» HOW TO COMPLETE THIS TASK:
Repeat every line of the data exactly; the pictures stay out.

[Opening GIVEN MATERIAL section]

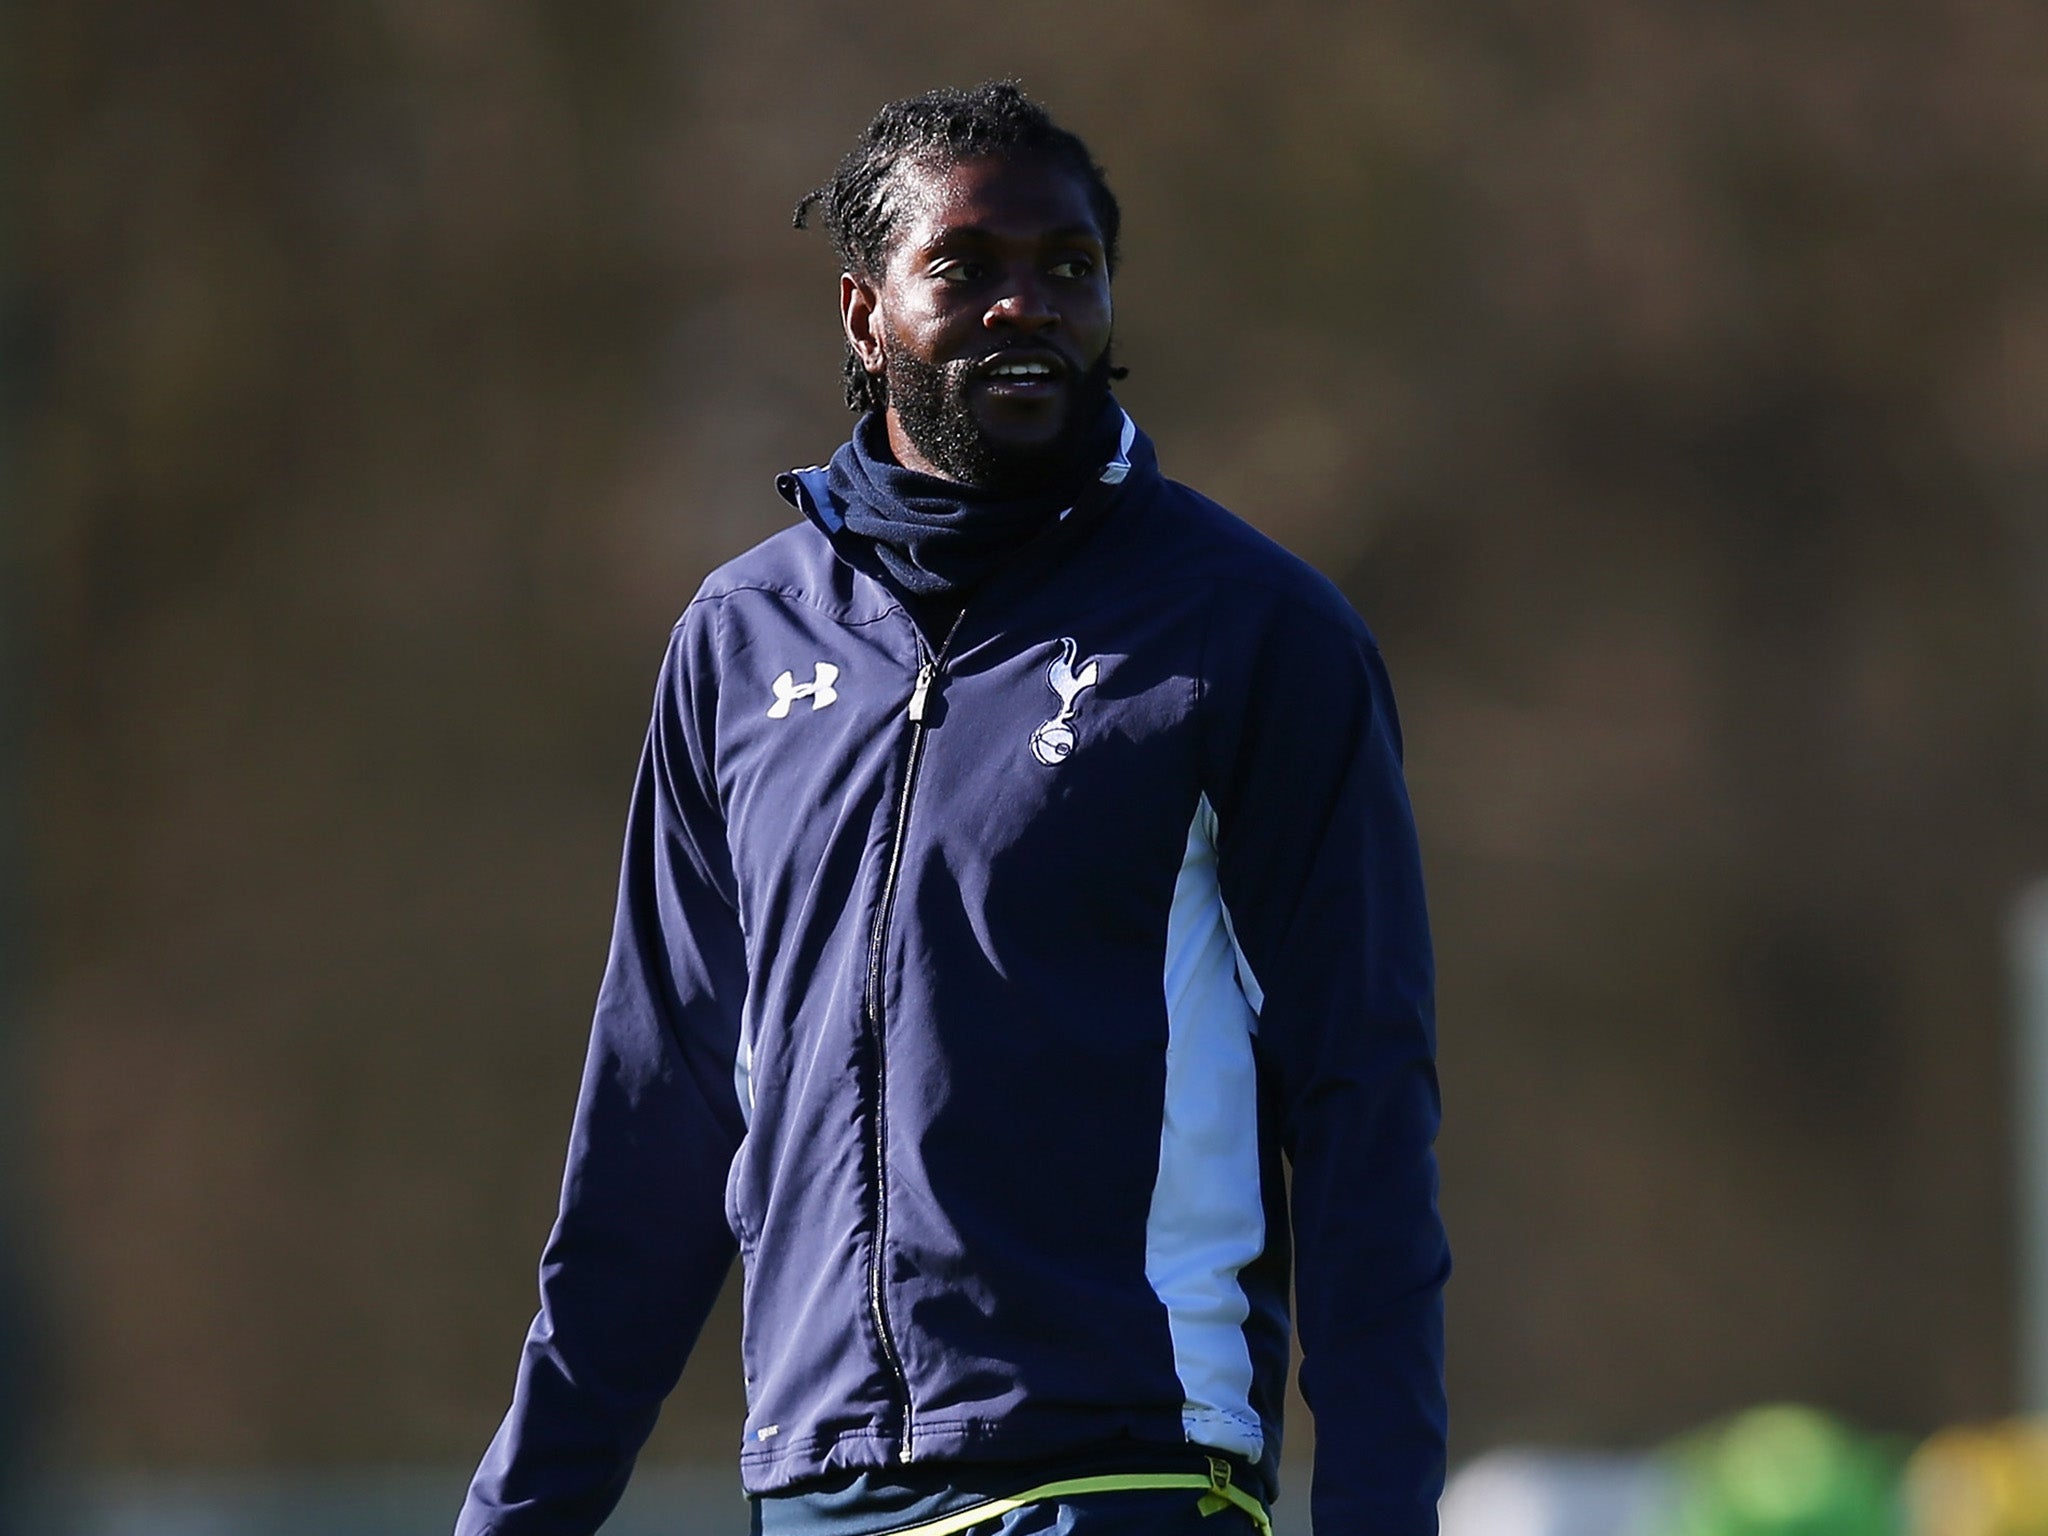 Emmanuel Adebayor has decided to train with Tottenham's Under-21s rather than the first team
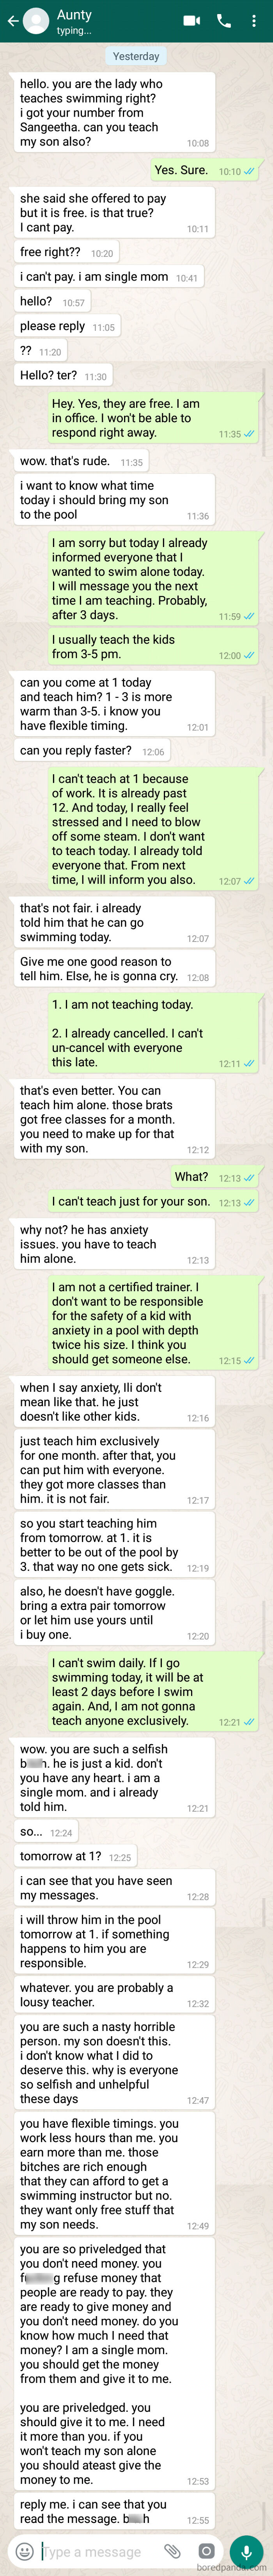 I Teach Swimming To Kids For Free Even Though I Was Offered Money. Mombie Demands That I Have To Teach Her Son Exclusively. And To Give Her The Money Offered As I Don't Need It
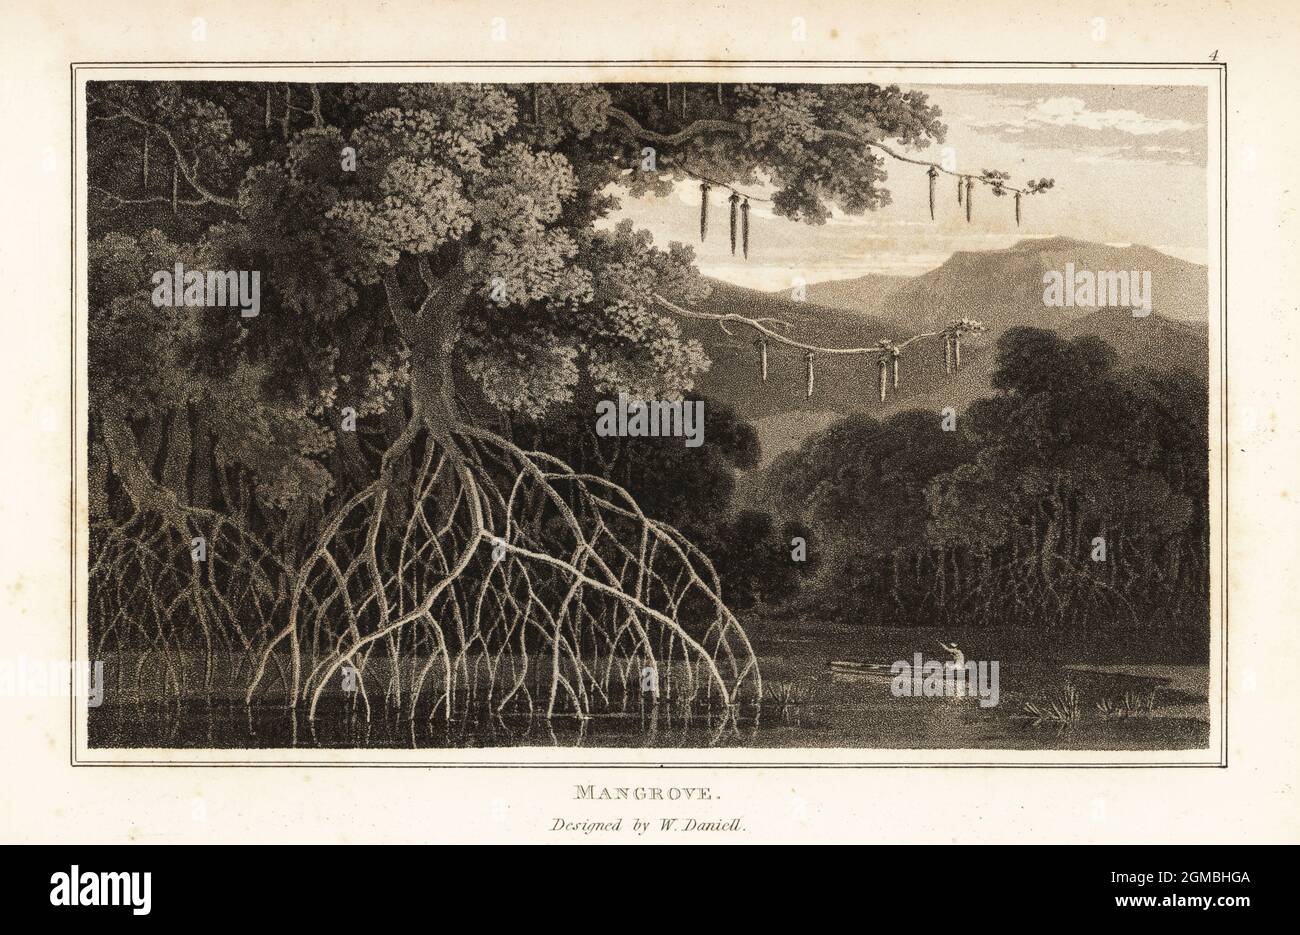 Large-leafed orange mangrove or oriental mangrove, Bruguiera gymnorhiza, growing with stilt roots in Asian swamps. A native man rows a canoe in the swamp. Mangrove, Rhizophora gymnorhiza. Aquatint drawn and engraved by William Daniell from William Wood’s Zoography, Cadell and Davies, 1807. Stock Photo

[Closing GIVEN MATERIAL section]

» TASK ANSWER:
 Emmanuel Adebayor has decided to train with Tottenham's Under-21s rather than the first team
 I Teach Swimming To Kids For Free Even Though I Was Offered Money. Mombie Demands That I Have To Teach Her Son Exclusively. And To Give Her The Money Offered As I Don't Need It
 Large-leafed orange mangrove or oriental mangrove, Bruguiera gymnorhiza, growing with stilt roots in Asian swamps. A native man rows a canoe in the swamp. Mangrove, Rhizophora gymnorhiza. Aquatint drawn and engraved by William Daniell from William Wood’s Zoography, Cadell and Davies, 1807. Stock Photo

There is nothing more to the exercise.